95 scattered energy with a certain wavetype. Key (1967) found that P to Rayleigh wave scattering can play a major role in the later part of the P coda, and Hendrajaya (1981) has noticed the perturbation of the initial S phase by P wave polarised arrivals generated by topography at the earth's surface.

(ii) Interference of waves : as the source-receiver distance is shortened the time interval in which the phases are recorded decreases, consequently the occurrence of interfering phases (neglecting scattered energy) becomes more numerous. This is clearly reflected by the number of phases identified in the P coda section of the two events. Many more P waves are identified for the regional event Norl compared with the local event Arc2. The time relationship of the waves in the coda allows for interference of phases of different type, especially after the P coda.

(iii) Wavetype recorded : P and Rayleigh wave phases have simple waveforms, whereas the S wave which consists of different amounts of SV and SH energy is complex. Also above the critical angle the SV component is elliptical, consequently the S wave (containing SV and SH components) is 3-dimensional and can not be distinguished from noise or other 3- dimensional interference.

Since signal estimates vary strongly with frequency, the use of a wide frequency band would result in the frequency component at the peak amplitude for a given time window dominating the polarisation estimate. This indicates that if no frequency filtering was applied to the data many of the waves actually classified would not be identified. By filtering the data a wider range of signals can be analysed separately and this also allows for a reduction in the coda's complexity. Also as the phases have band-limited frequency spectra, their signal-to- noise ratios are improved by employing narrower frequency bands.

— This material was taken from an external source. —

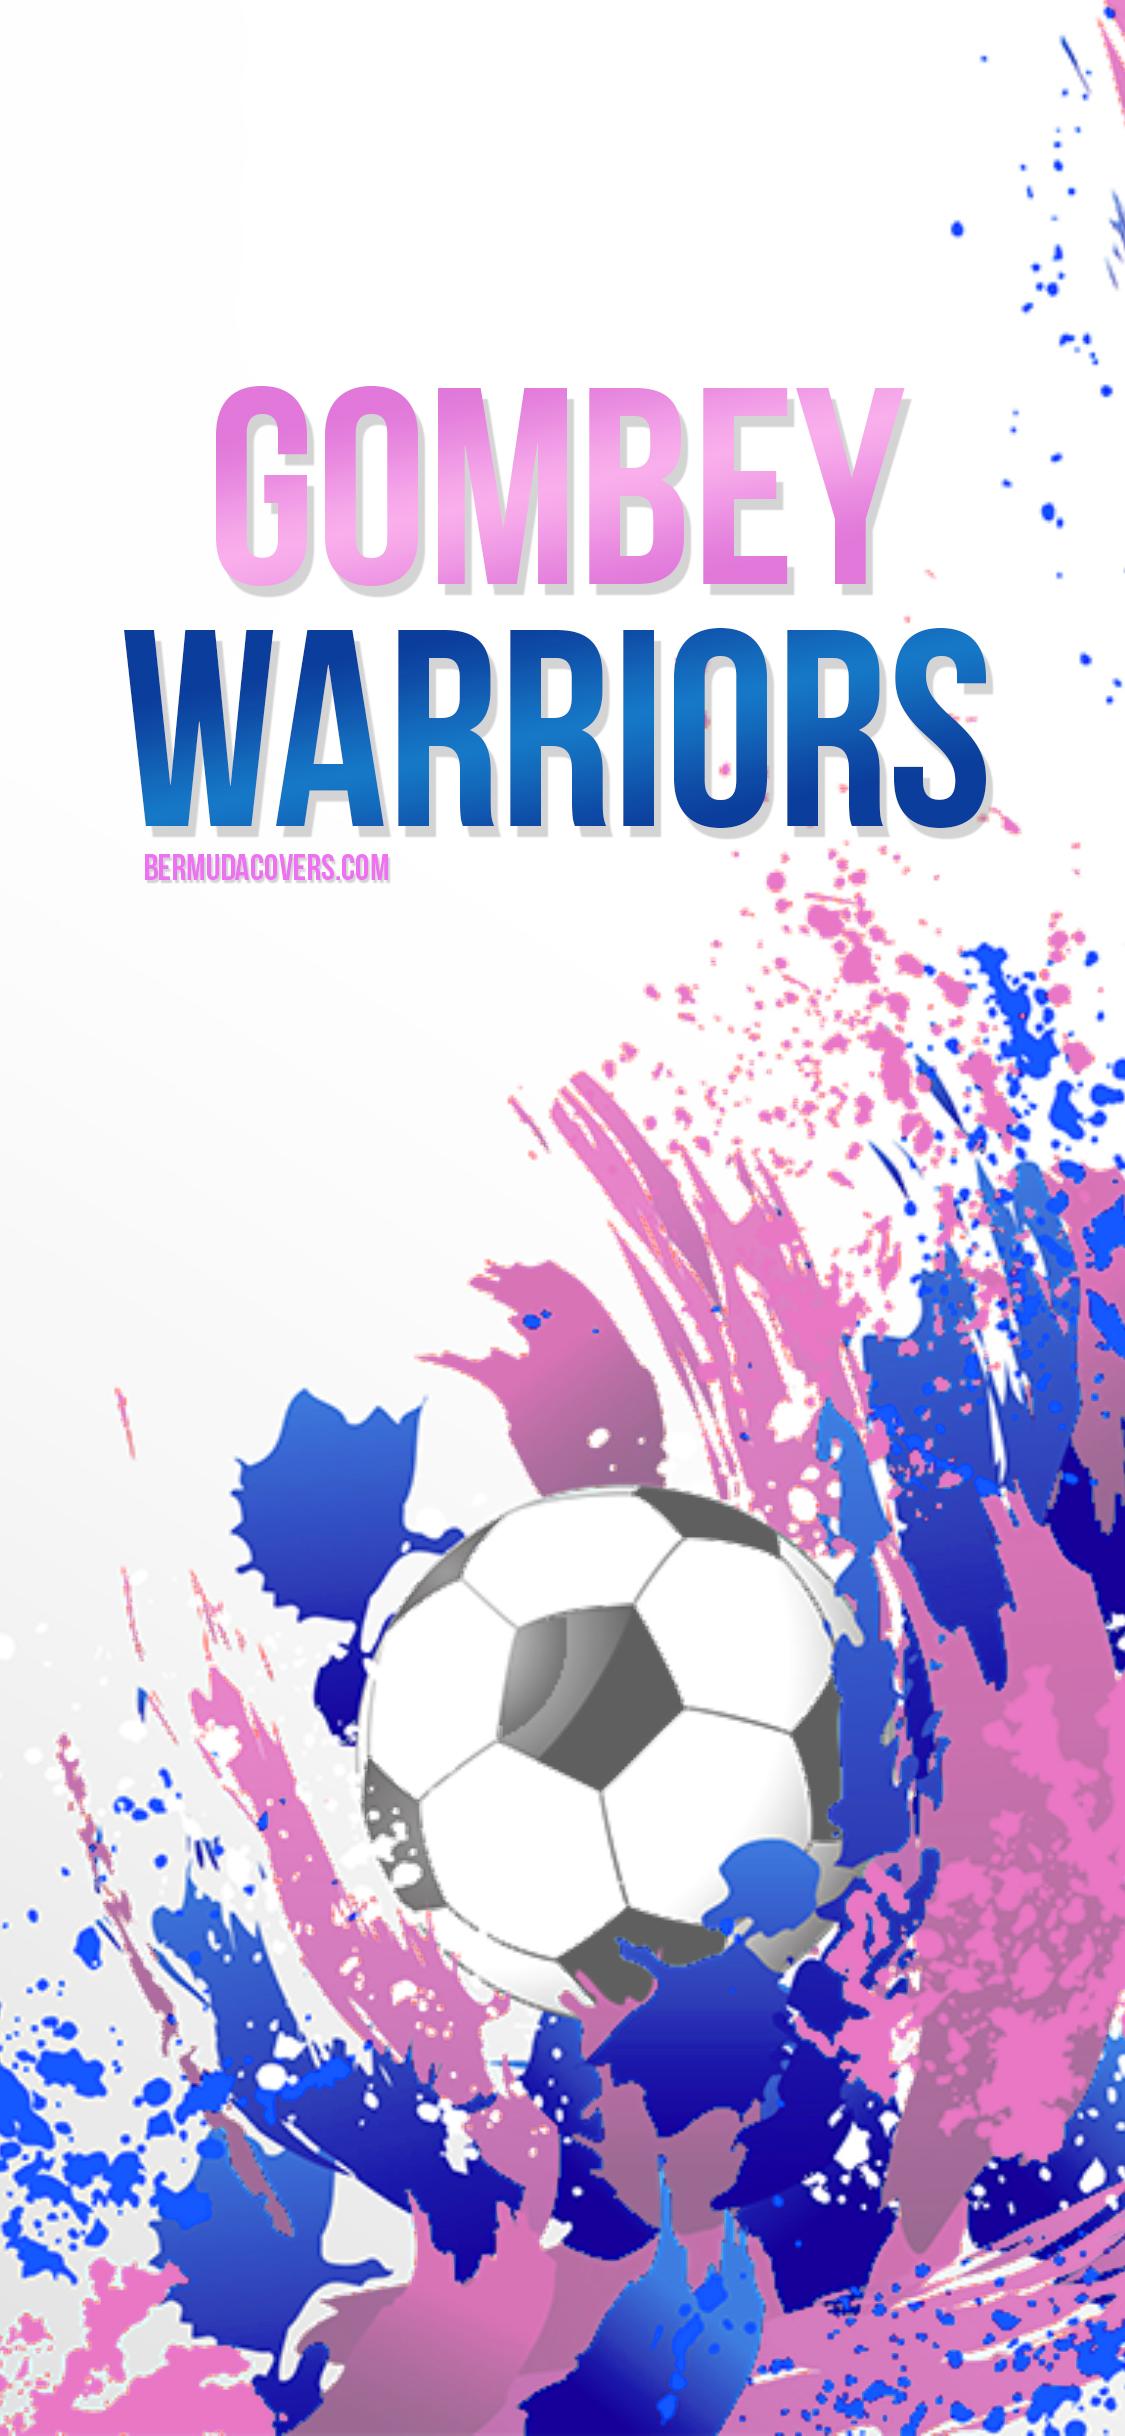 Gombey Warriors Bermuda Football Bernews Mobile Phone Wallpaper Lock Screen Design Image Photo XGRPGAM2

The actual wavetype can not be obtained directly without knowledge of the signal's azimuth. The assumption that the signal is arriving in a direction which coincides with the source-receiver azimuth is not strictly true as was shown by the presence of off-azimuth energy which can correlate over several 3-component stations. By summing up the data from a 3-component array (see section 5.2) one may be able to obtain a clearer picture of the

crustal and upper mantle phases recorded in the coda, as the scattered energy will be reduced since it does not correlate over the stations.